Statistical analyses

Descriptive statistics and language-samples comparisons

Prior to statistical analyses, language samples were compared by sample characteristics (esp. injury-related factors) using Kruskal–Wallis tests and pairwise U-tests to ensure their general comparability. For the pairwise U-tests, Vargha and Delaney’s effect size [25] was calculated based on the following cut-offs: groups equality (0.50), small (0.35–0.44 or 0.56–0.63), medium (0.30–0.34 or 0.64–0.70), and large effect (beyond 0.29 or 0.71). Distribution of the TBI severity groups in the language samples has been investigated applying a two-dimensional chi-squared test and computing Cramer’s V to determine the effect size. For this purpose, we first used the initial distribution containing four TBI severity groups (i.e., uncomplicated mild, complicated mild, moderate, and severe TBI), and then a collapsed classification (i.e., mild/moderate and severe TBI). The effect size was determined using Cohen’s taxonomy [26] with values of 0.10, 0.30, and 0.50 representing small, medium, and large effects, respectively. Furthermore, the distribution of PCS in language samples has been investigated.

Analyses of dimensionality

First, we analyzed the response pattern of the RPQ items within the language samples. The factorial structure of the RPQ translations was then examined separately for each language version using confirmatory factor analysis (CFA) with robust weighted least squares estimator (WLSMV) [27] for ordered categorical data. In the absence of agreement on the factorial structure of the RPQ, six competing models derived from previous research were estimated: the initial one-factor model [6], two two-factor models [19, 20], two three-factor models [21, 22], the first of which [21] was based on research findings presented by Gerber and Schraa [28], and one four-factor [23] model, corresponding to the study findings by Lannsjö and colleagues [24]. For more details on RPQ models estimated in the present study, see Table 1.

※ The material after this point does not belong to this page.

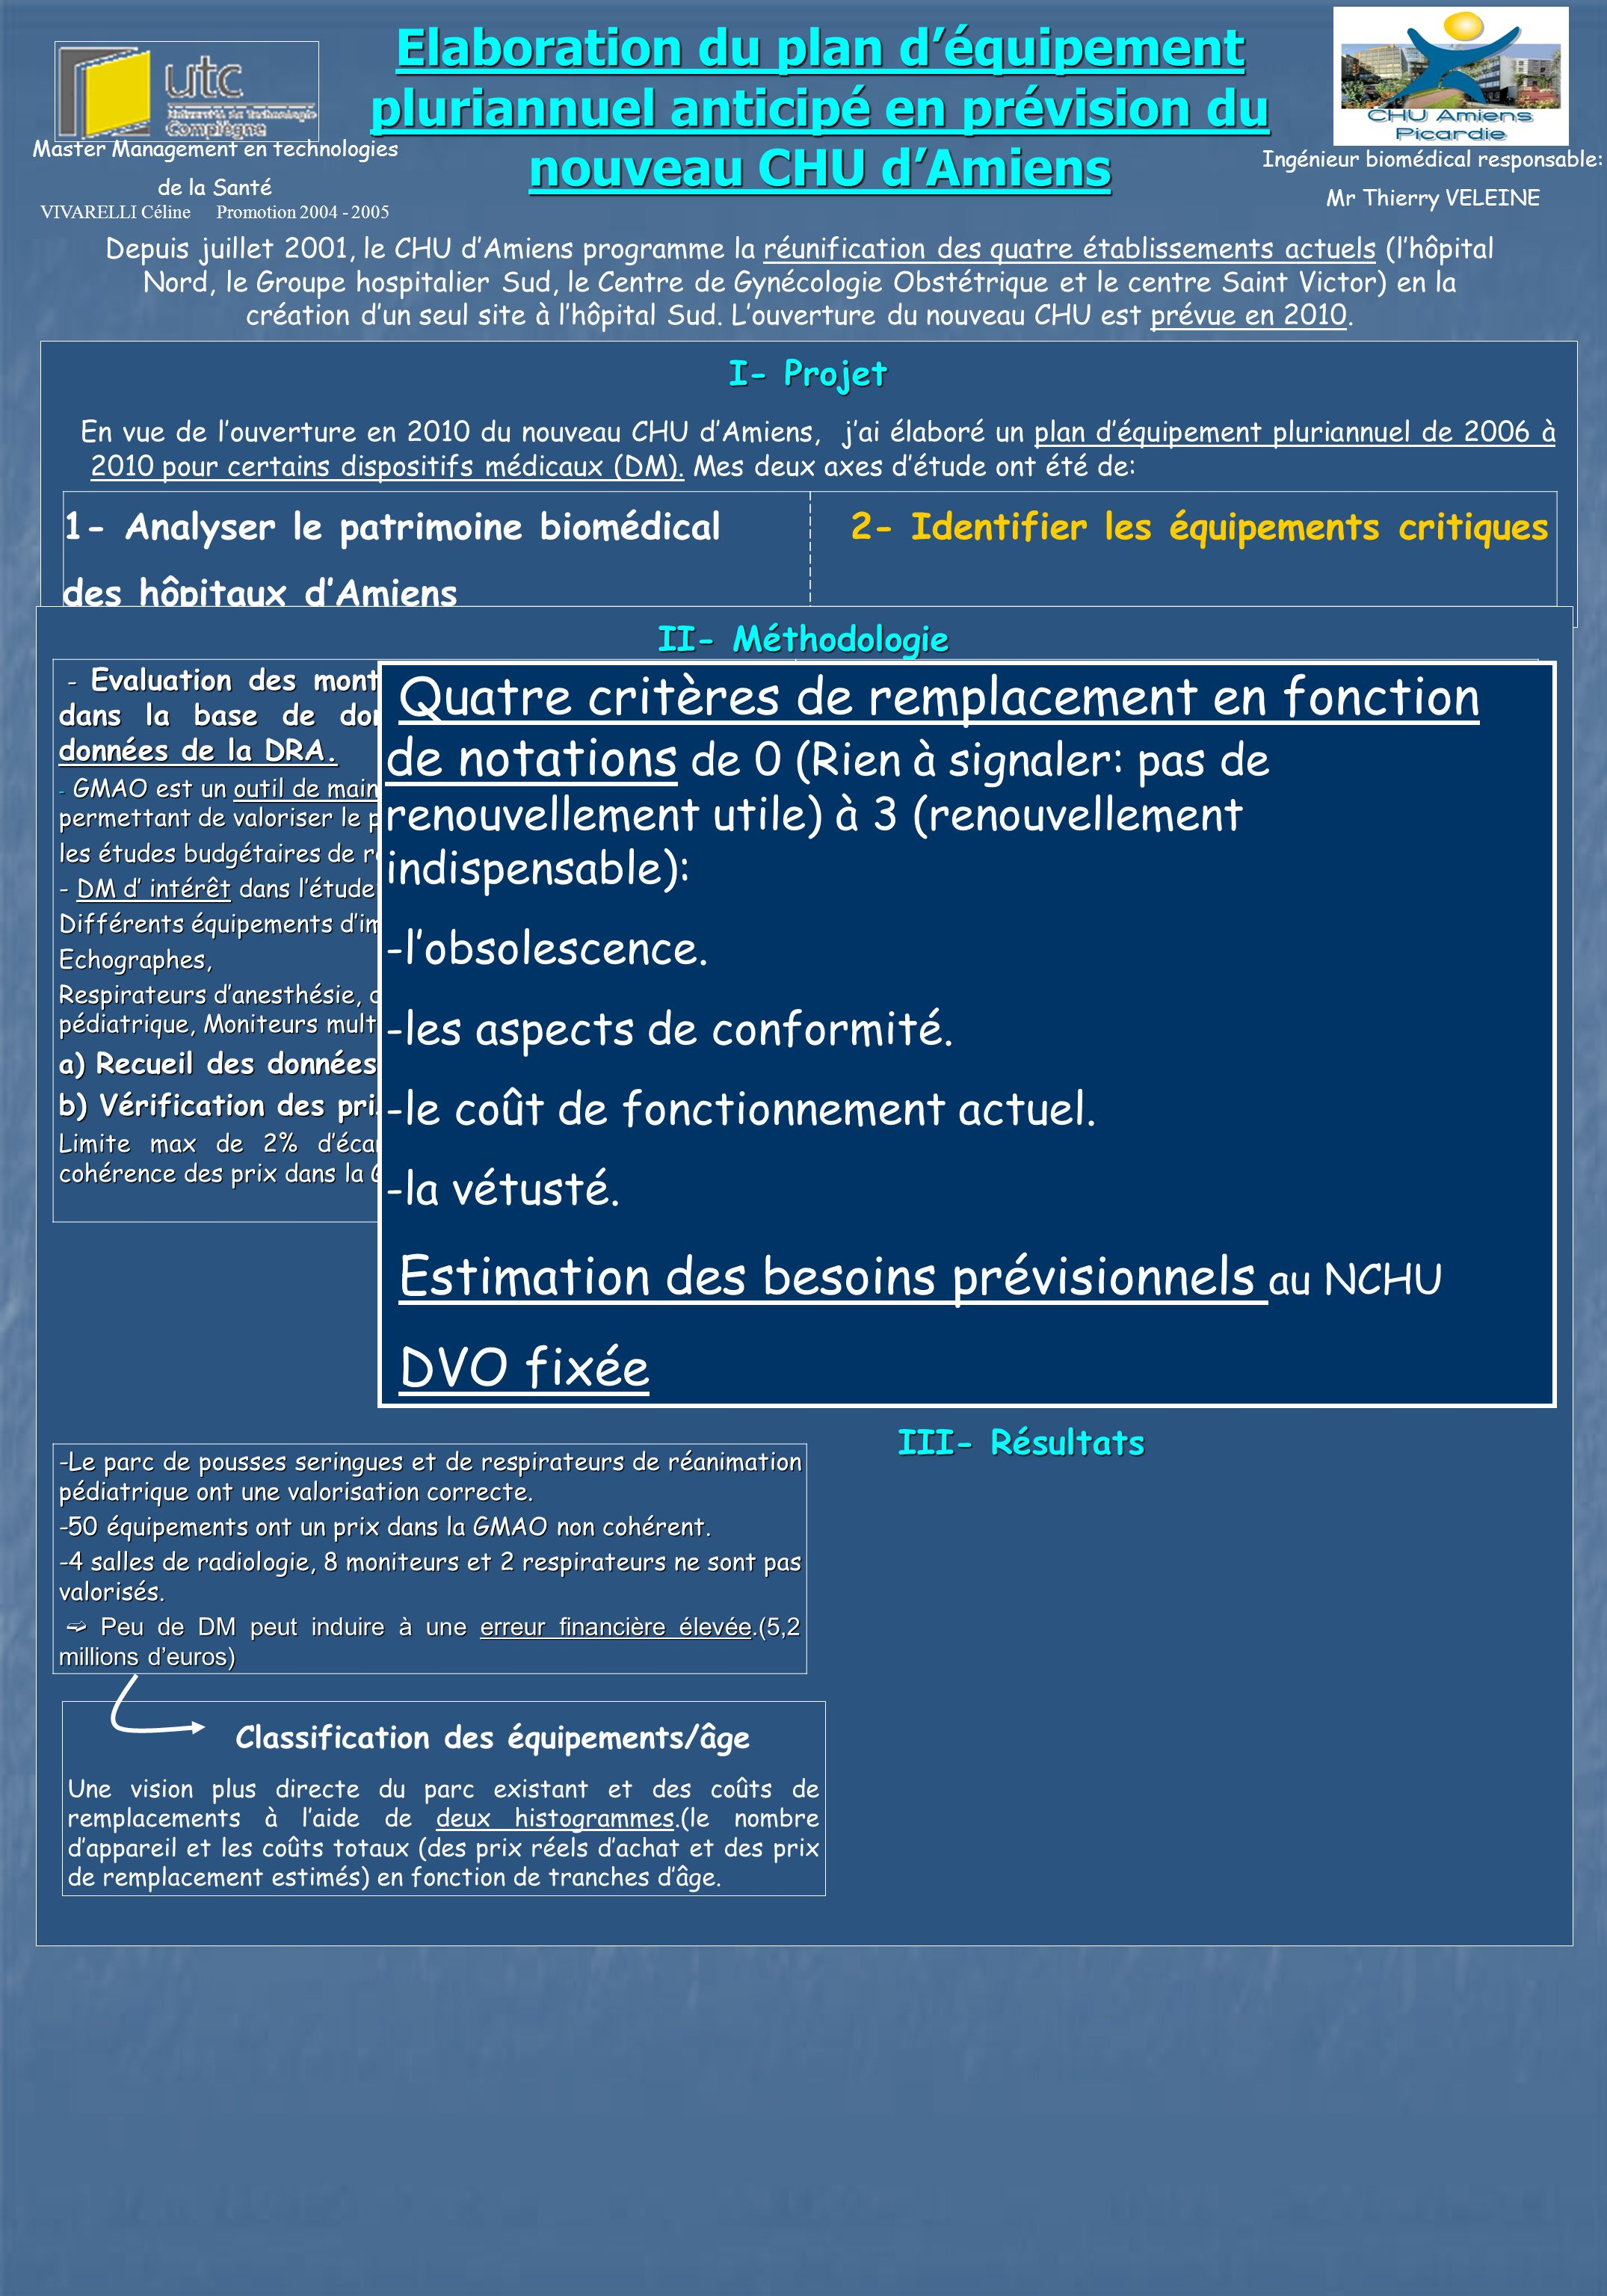 Elaboration du plan déquipement pluriannuel anticipé en prévision du nouveau CHU dAmiens Depuis juillet 2001, le CHU dAmiens programme la réunificatio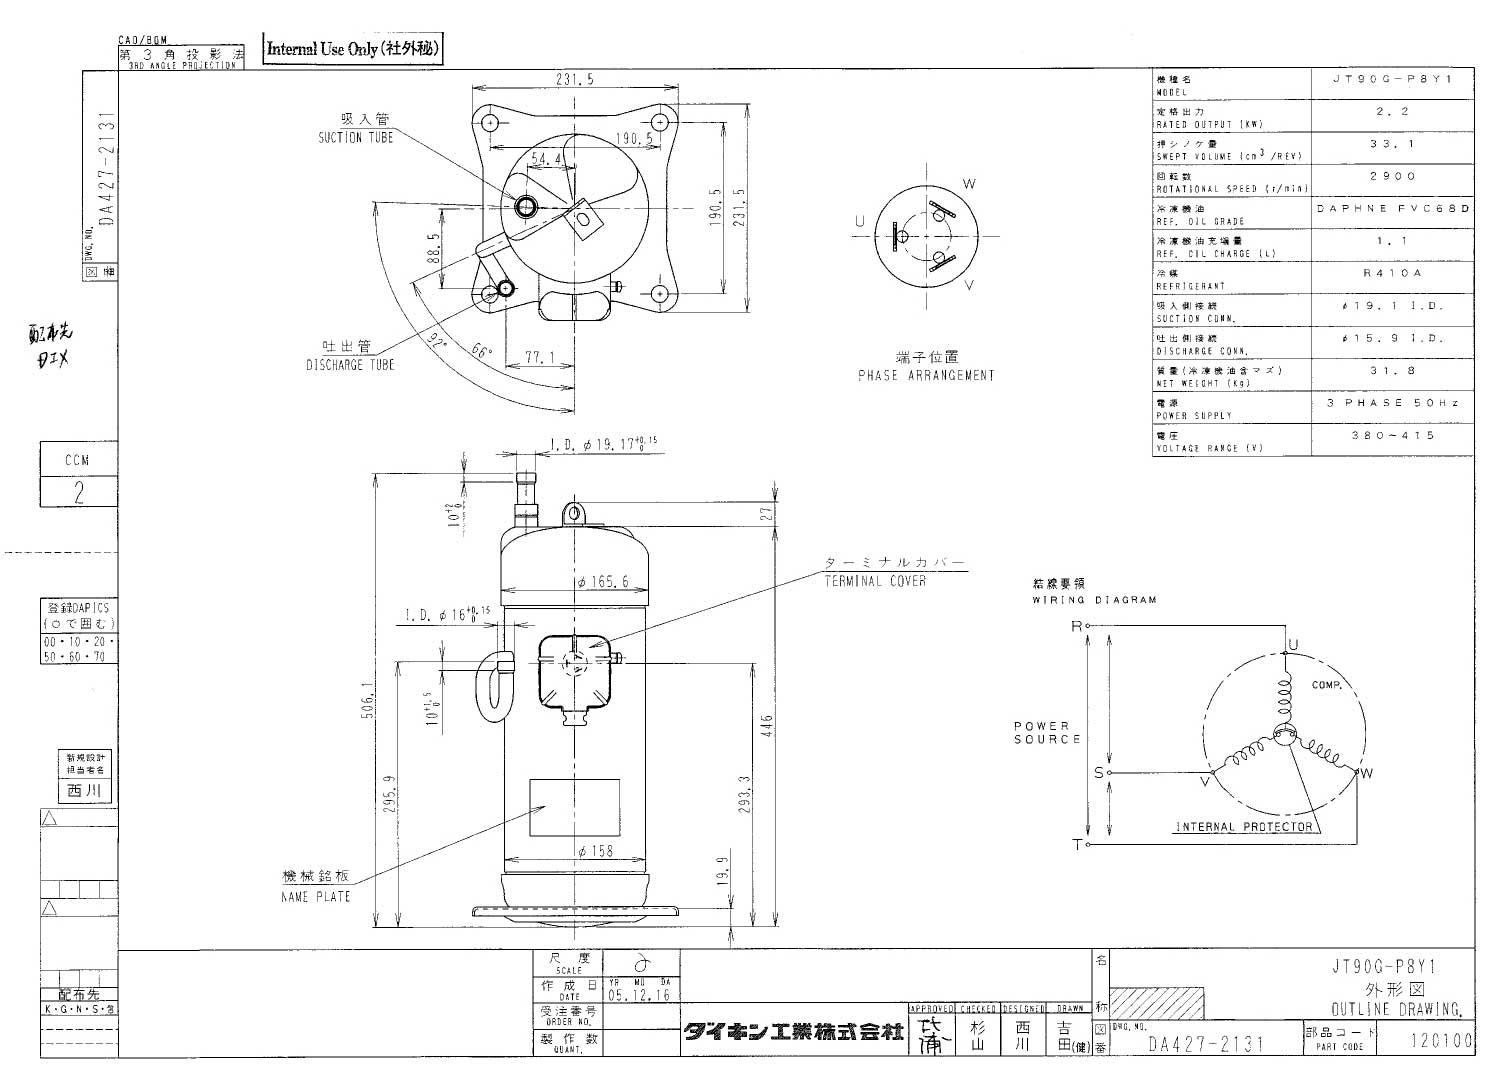 Daikin JT90G-P8Y1 характеристики

Table 1 Factorial structures of the RPQ investigated in the present study

The fit of all estimated models was assessed by several goodness of fit indices: \({\chi }^{2}\) and degrees of freedom (df), as well as the ratio \({\chi }^{2}/df\), the comparative fit index (CFI) [29], the Tucker-Lewis index (TLI) [30] the root mean square error of approximation (RMSEA) [31] including 90% confidence interval (CI90%), and the standardized root mean square residual (SRMR). A ratio \({\chi }^{2}/df\) ≤ 2 indicate good model fit [32], CFI and TLI values larger than 0.95 indicate a good fit [33], the RMSEA values less than 0.05 signal a close fit, values from 0.05 to 0.08 a fair fit, between 0.08 and 0.10 a mediocre and above 0.10 a poor fit [34]; the same criteria apply to the CIs. SRMR values less than 0.08 demonstrate a good model fit [33]. Since the cut-off values for the CFI, TLI, and RMSEA have not yet been validated for ordinal data, interpretation should be carried out with caution [35]. Therefore, all fit measures were considered simultaneously to identify the best fitting model.

For the CFI analyses, we first used the raw data to obtain the model fit and then the data with modified items due to missing responses in some categories. Thus, responses 3 “moderate problem” or 4 “severe problem” of the items Nausea and Double vision were collapsed with the category 2 “mild problem” implying a trichotomized response format when considering 1 “no more of a problem than before TBI” as “1” and a dichotomized scale when treating “1” as “0”. For all other items, the original responses were kept to maximally retain information.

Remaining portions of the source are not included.